:: EXTRACTED ENTRIES ::
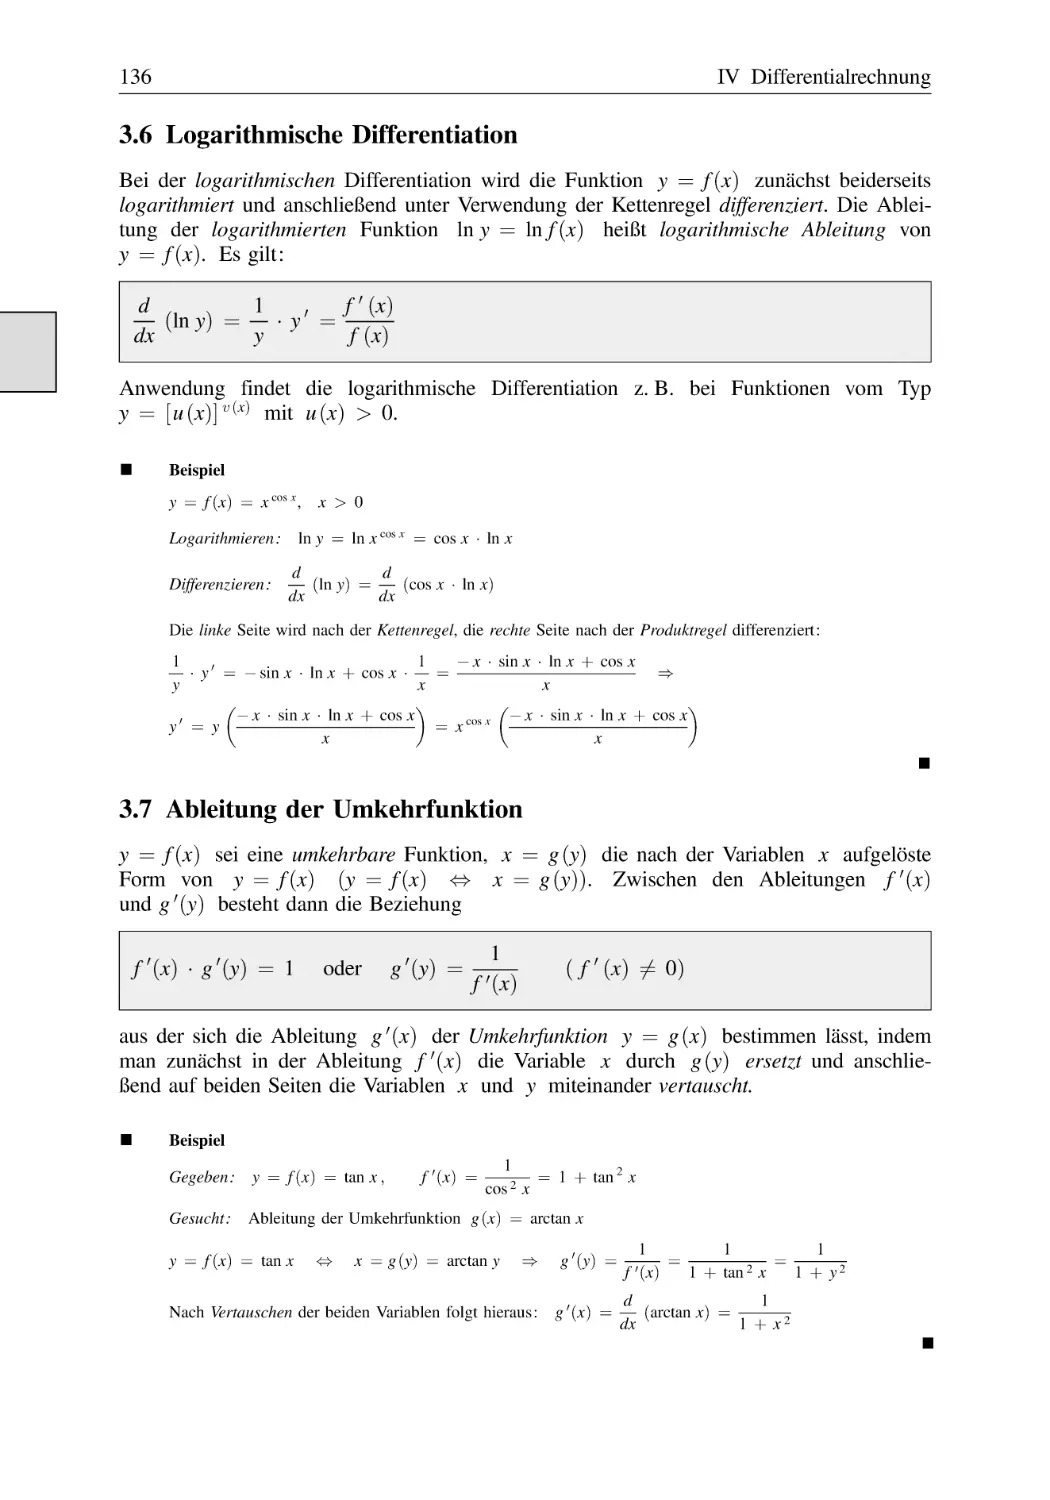 3.6 Logarithmische Differentiation
3.7 Ableitung der Umkehrfunktion
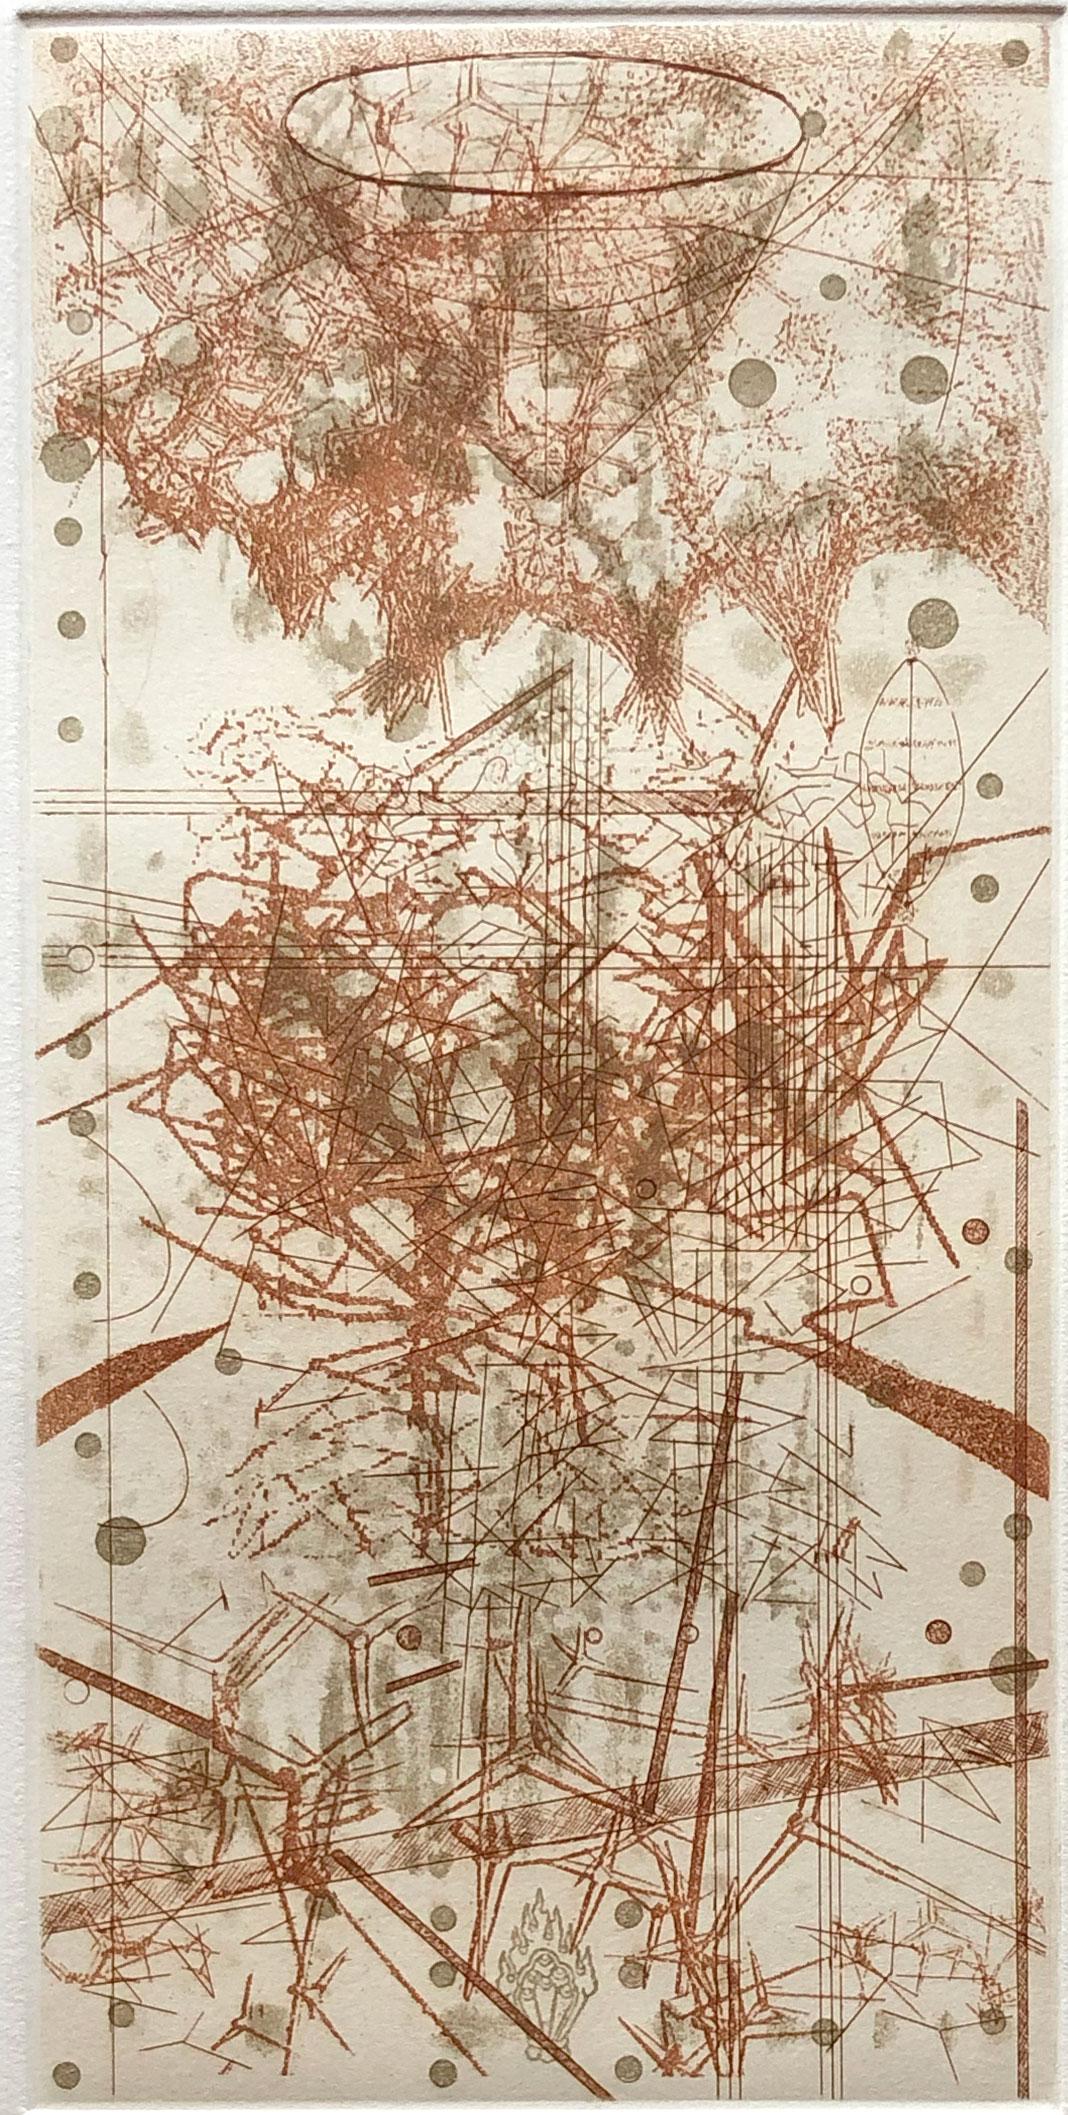 Abstract Print Rosalyn Richards - L'eau de pluie
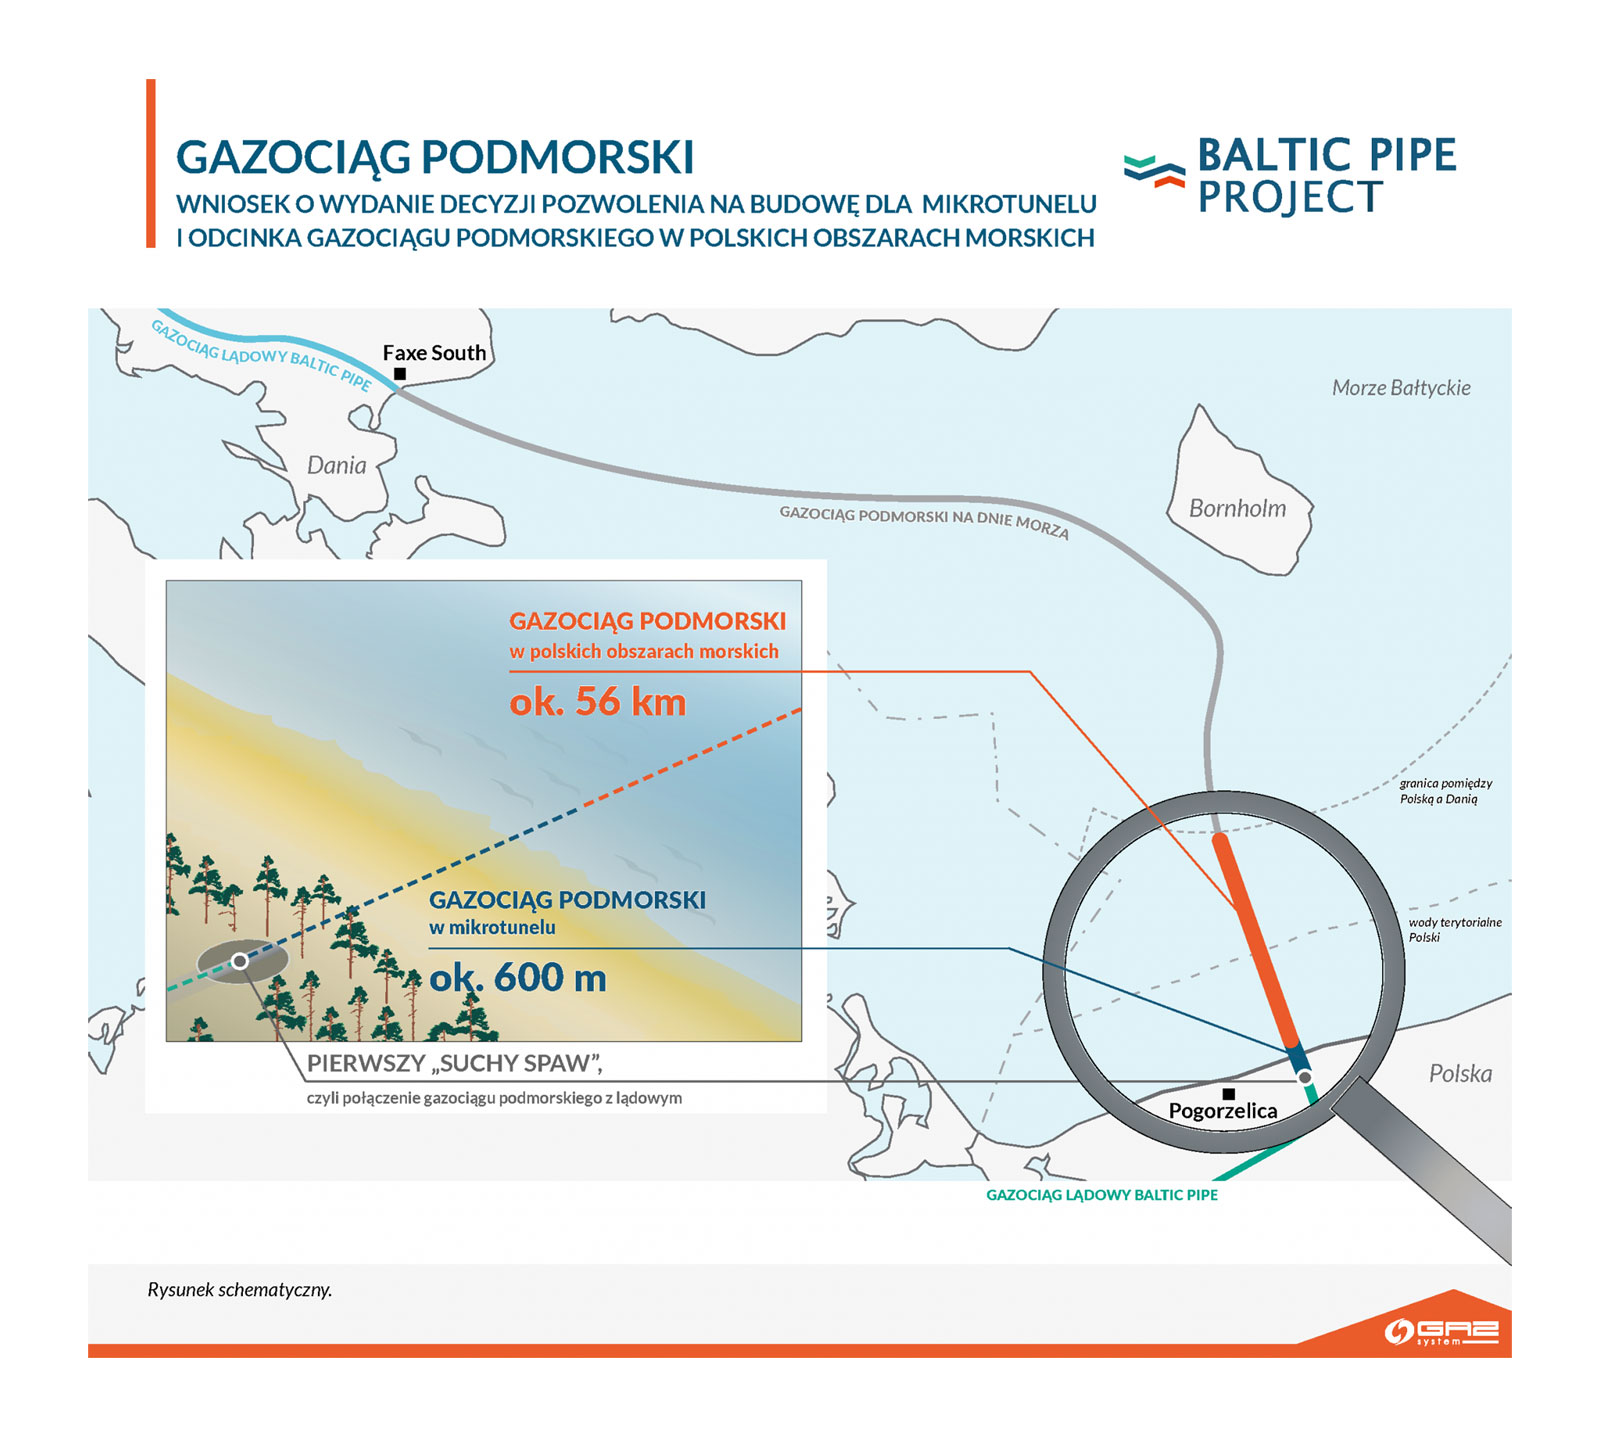 Baltic Pipe wkrótce z kompletem pozwoleń
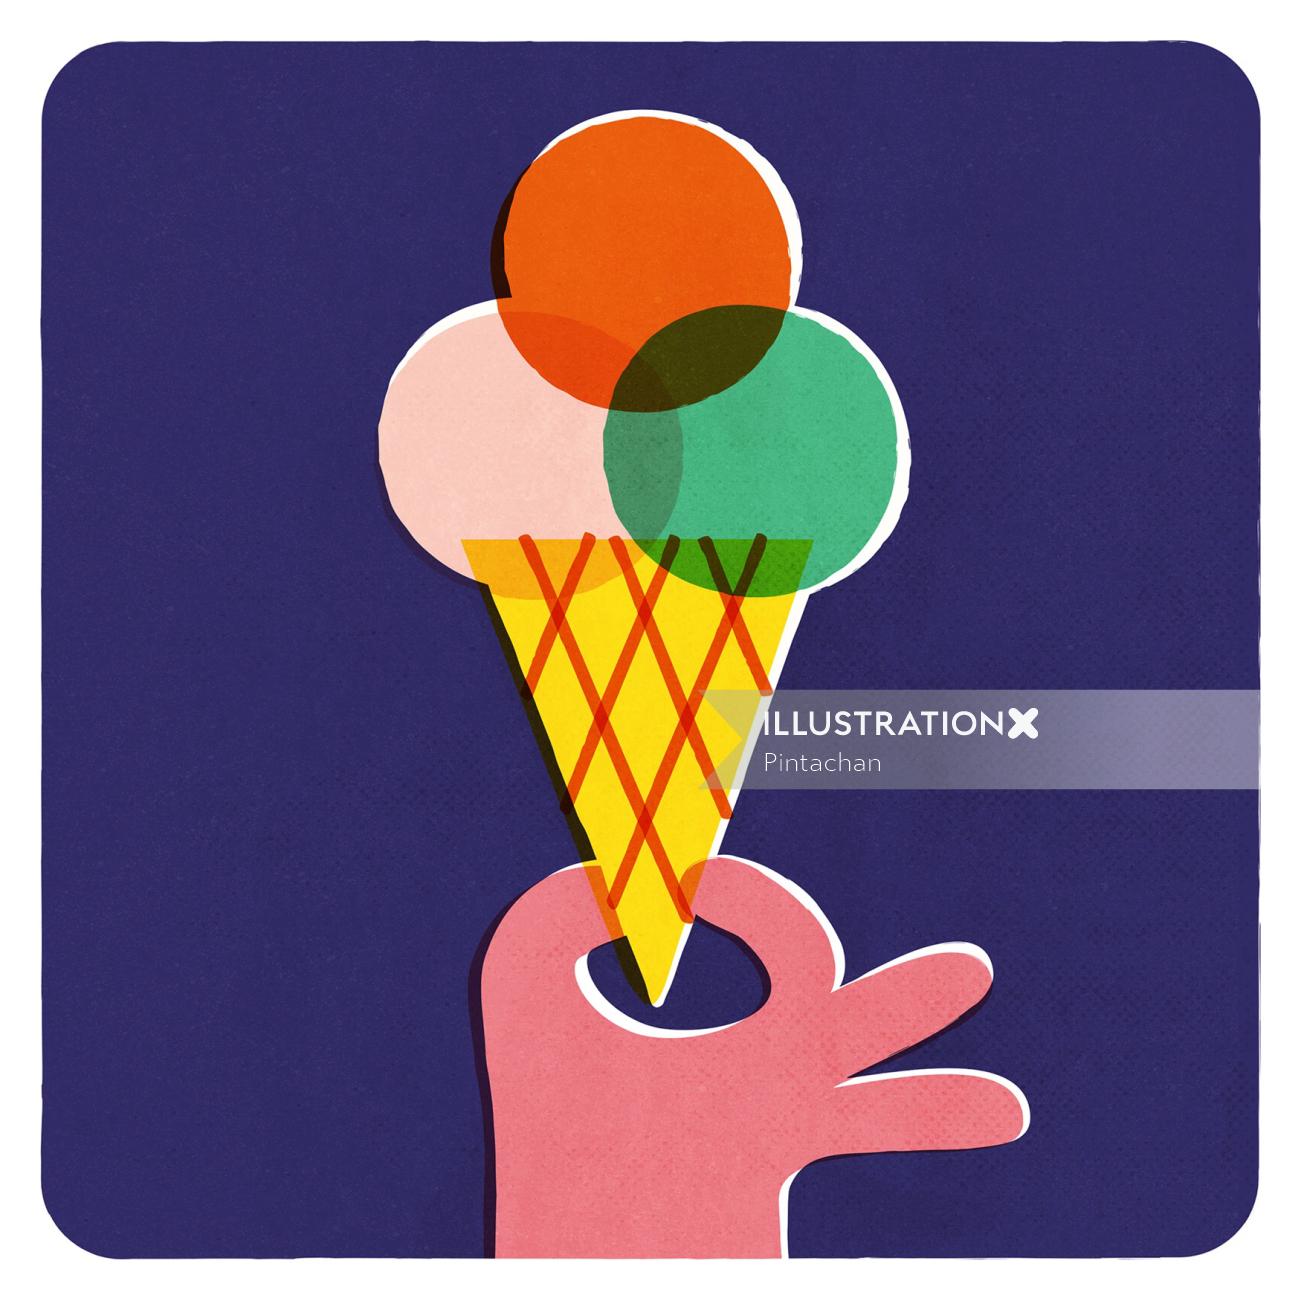 Ice Cream cone pop illustration

:: AIM OF THE EXERCISE ::
Without the pictures, retype exactly the lines from the one that holds "Abstract Print Rosalyn" to the last line of the data above, both of them included.

:: ANSWER SPACE ::
 Abstract Print Rosalyn Richards - L'eau de pluie
 Baltic Pipe wkrótce z kompletem pozwoleń
 Ice Cream cone pop illustration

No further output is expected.